The new domains that need to be monitored to capture this unique perspective (and zero in on root cause when issues arise) are now:

  • Transit backbone (or core network path): Visibility into the mid-path network (i.e. hops and hand-offs between the hosting infrastructure and the end user’s local environment) is important so IT teams can correlate performance over different paths to pinpoint issues that only occur over specific systems.
  • The application: Whether this is a Microsoft Teams‘ PoP in Azure, or the enterprise’s own cloud-based infrastructure, enterprise IT teams need visibility into common environments from the outside-in.
  • End-user connectivity (aka the last 50 feet): When issues occur, network ops teams must be able to visualize end-user experience quickly by understanding if there’s a crowded mess of devices fighting for network capacity, if users are wireless or wired, or even if a backup kicks off locally, as these can all grind productivity to a halt.
  • Last-mile: Since residential internet isn’t backed up by traditional, commercial-grade SLAs,  IT teams need a way to visualize if these connections are receiving the necessary upload and download speeds needed to support remote work success.
  • Host metrics: If users are still reporting issues (and there are no leads on root cause within the areas of visibility outlined above), IT can quickly understand that it’s not an app or network issue.

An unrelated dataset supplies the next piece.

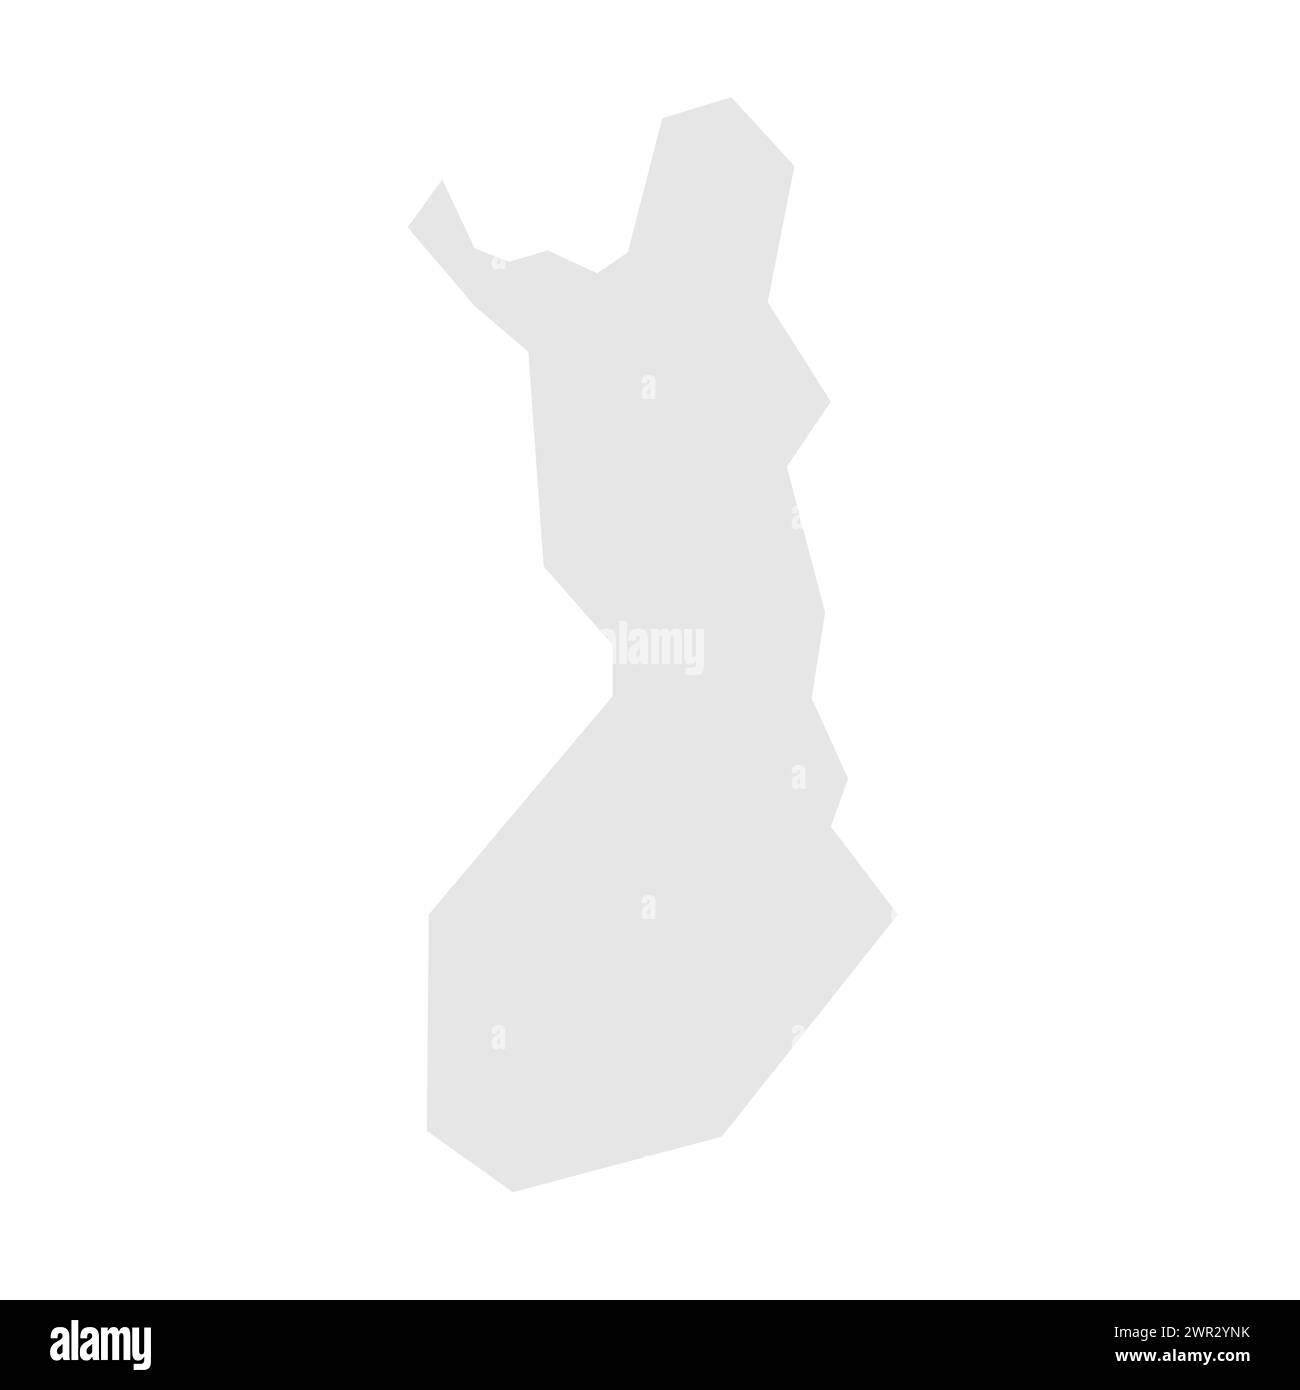 Finland country simplified map. Light grey silhouette with sharp corners isolated on white background. Simple vector icon Stock Vector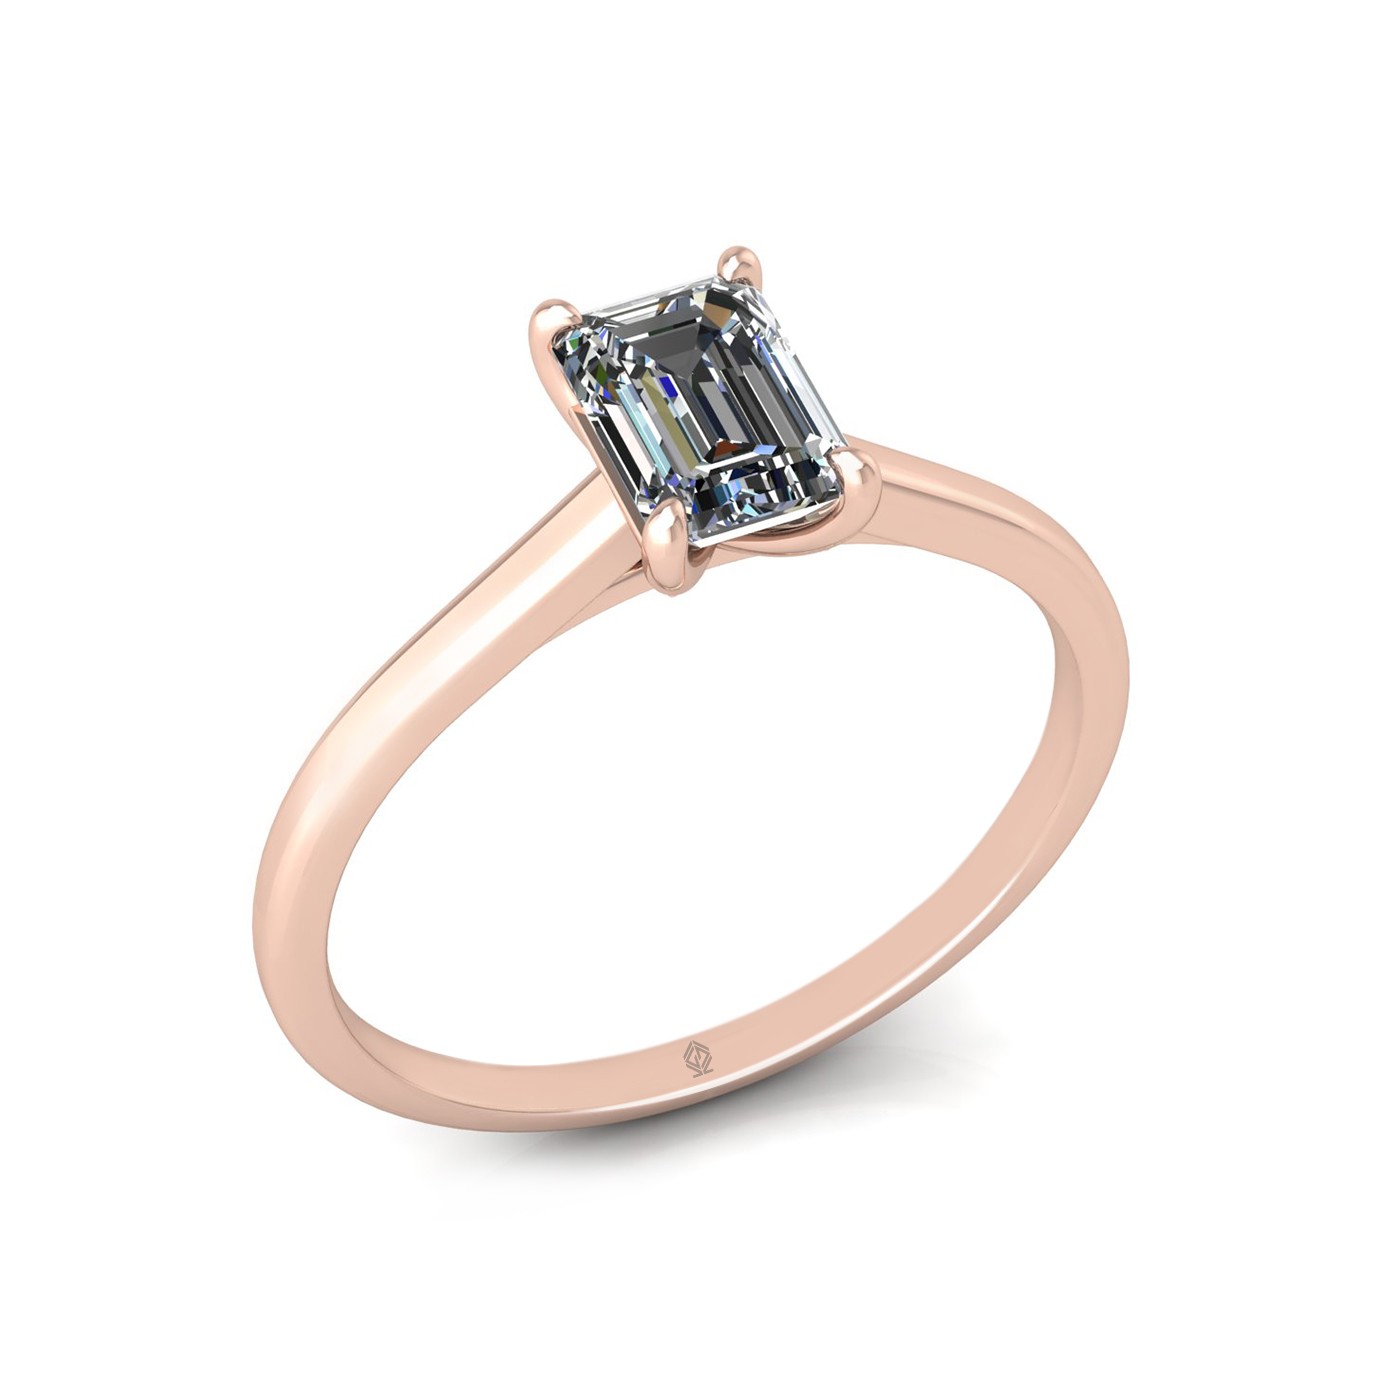 18k rose gold  0,80 ct 4 prongs solitaire emerald cut diamond engagement ring with whisper thin band

This calls for teams to drill into what is happening on the user’s workstation. Is it overloaded, for instance, or is there a particular process that is loading it down?

With all of this data in concert, IT teams can quickly speed up diagnosis when issues arise, and take appropriate steps to prioritize resolution at scale. While teams will never regain complete control over the users, apps, and network connections, they can better manage performance when they know what problem areas to watch out for in a hybrid work setting.